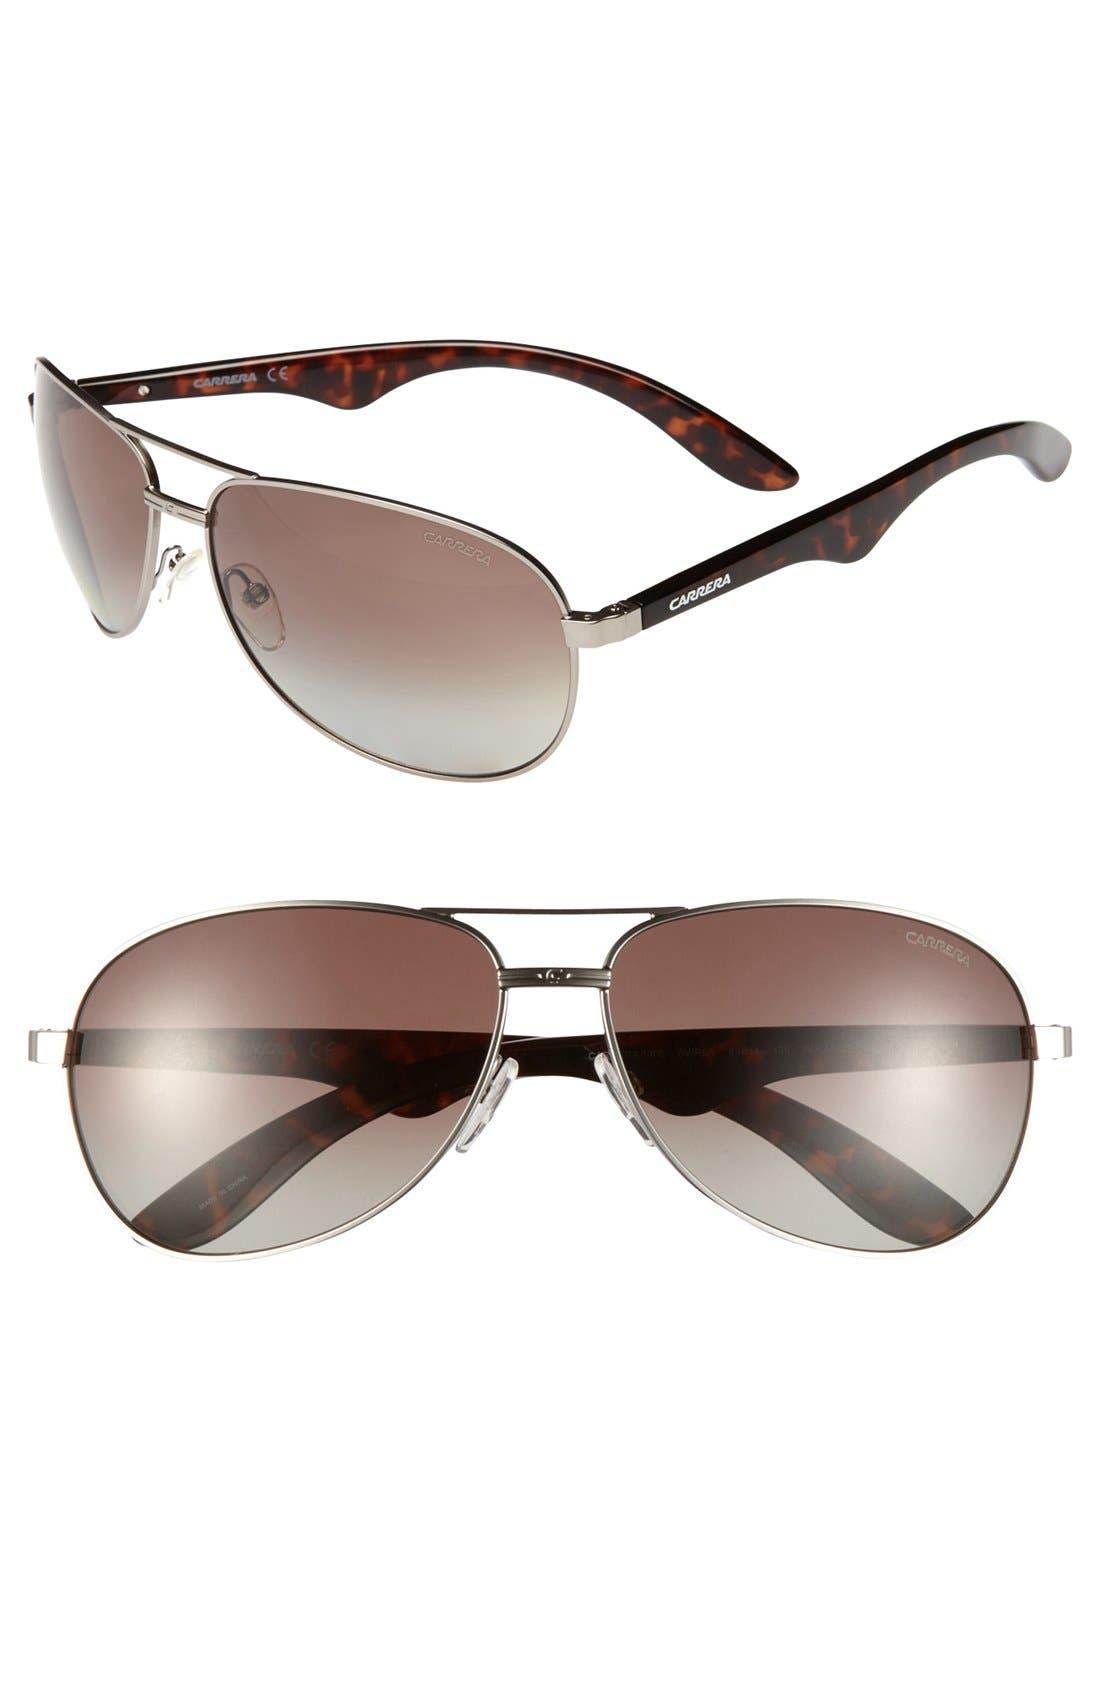 Alternate Image 1 Selected - Carrera Eyewear 63mm Stainless Steel Aviator Sunglasses
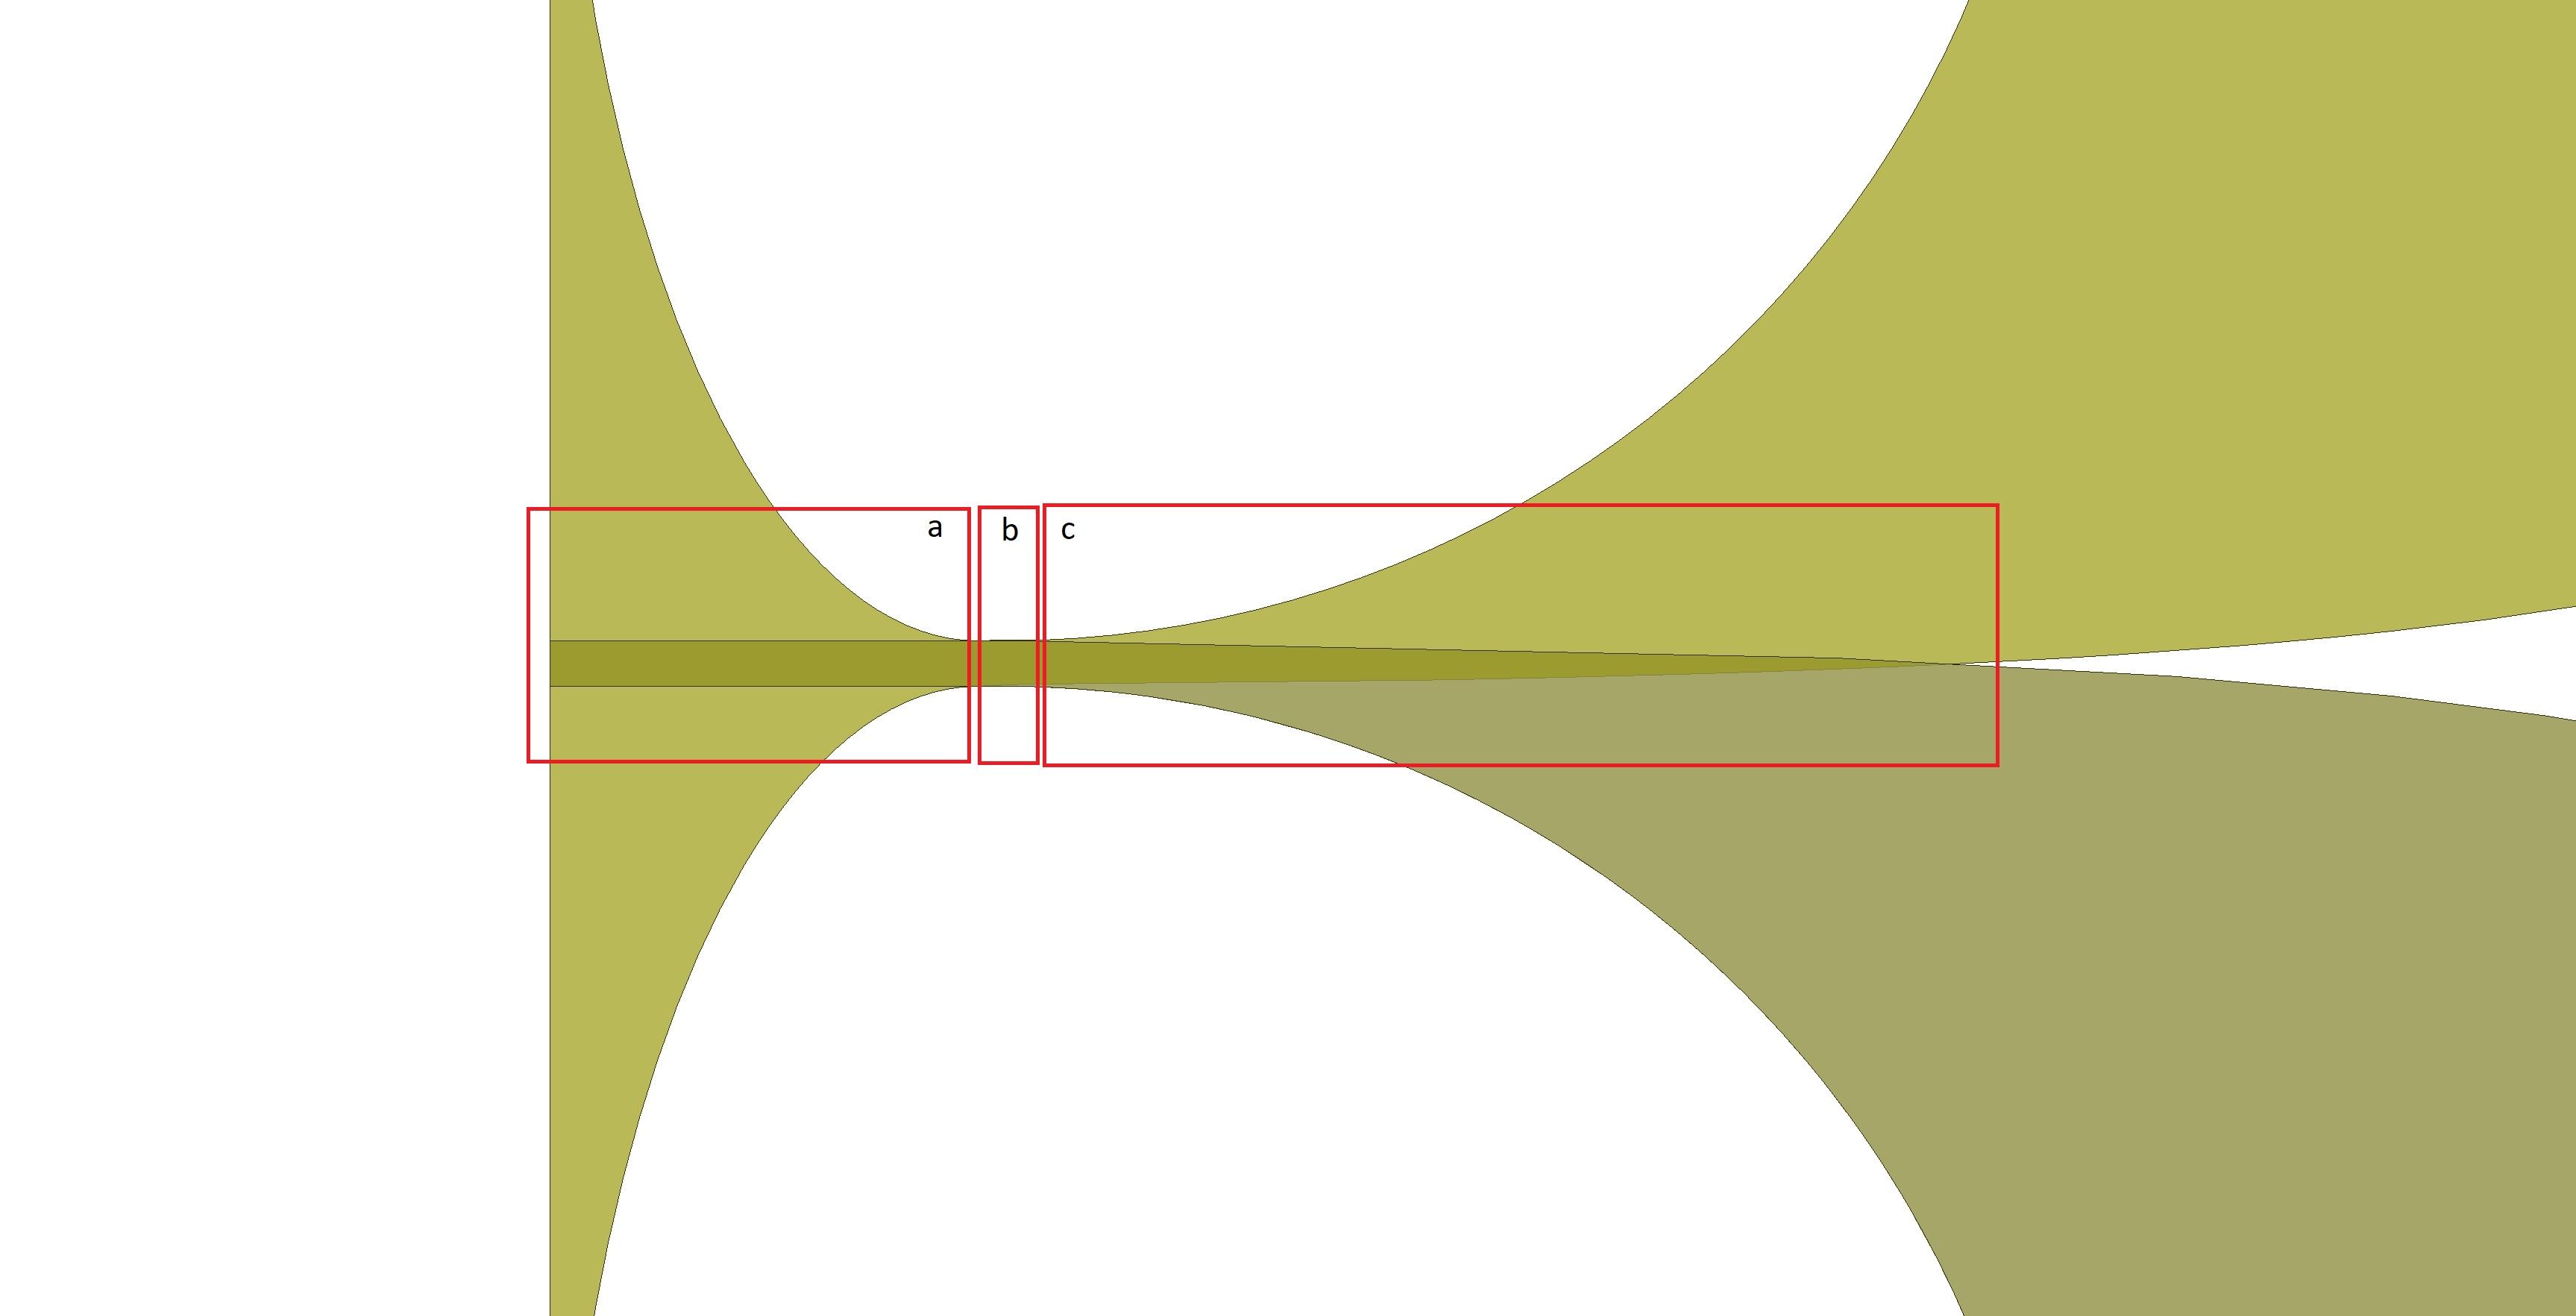 Making an Ultra-Wideband Antenna – Part 2 (Introducing the
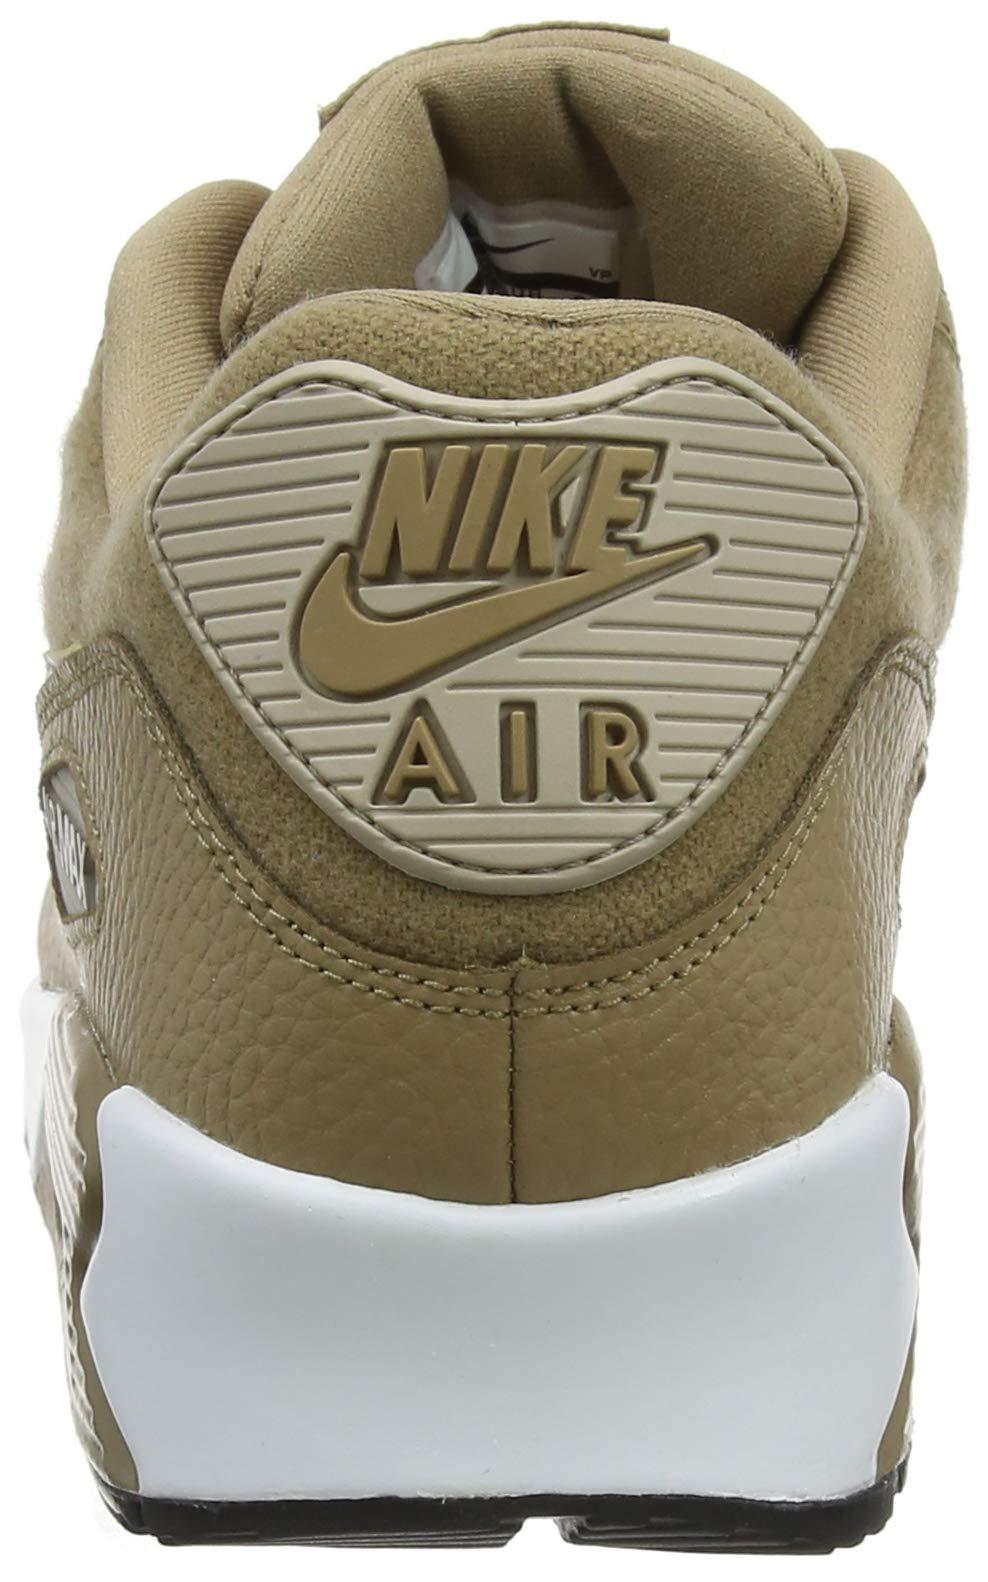 Nike Women's WMNS Air Max 90 Prem Fitness Shoes
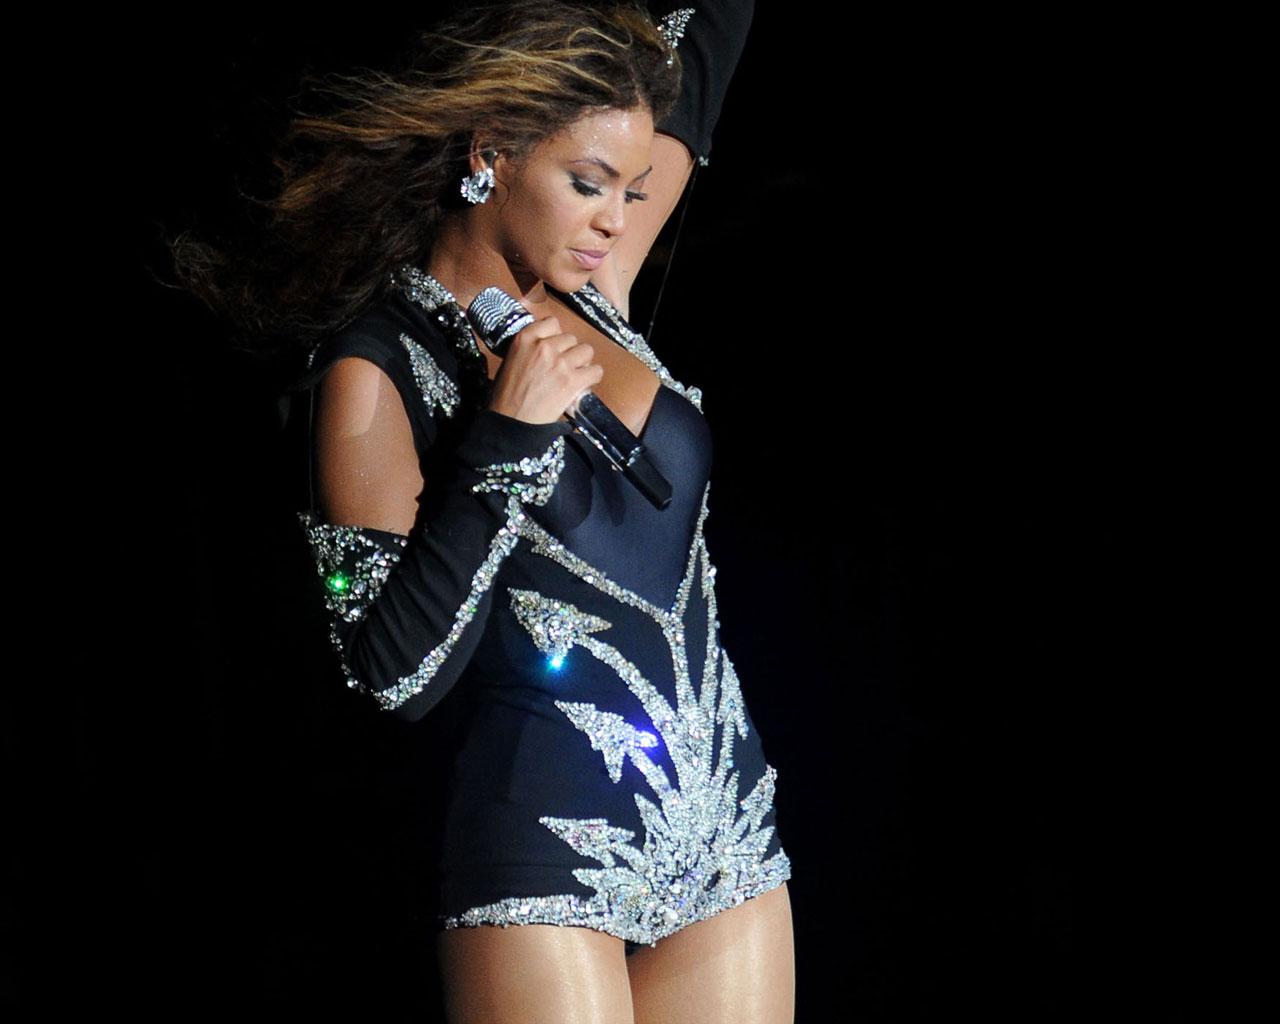 http://2.bp.blogspot.com/-80j6KY9o8iM/TnRE_Zwg2uI/AAAAAAAABMY/X-t8cTbAPpo/s1600/Beyonce_Knowles_Actress_Free_Download_High_Resolution_HD_HQ_Desktop_Backgrounds_Face_Wallpapers_21023.jpg

*WHAT THE EXERCISE ASKS*:
Leave out the pictures, and retype exactly the lines from the one containing "Nike Women's WMNS" through the final line of the data.

*EXERCISE RESPONSE*:
 Nike Women's WMNS Air Max 90 Prem Fitness Shoes
 http://2.bp.blogspot.com/-80j6KY9o8iM/TnRE_Zwg2uI/AAAAAAAABMY/X-t8cTbAPpo/s1600/Beyonce_Knowles_Actress_Free_Download_High_Resolution_HD_HQ_Desktop_Backgrounds_Face_Wallpapers_21023.jpg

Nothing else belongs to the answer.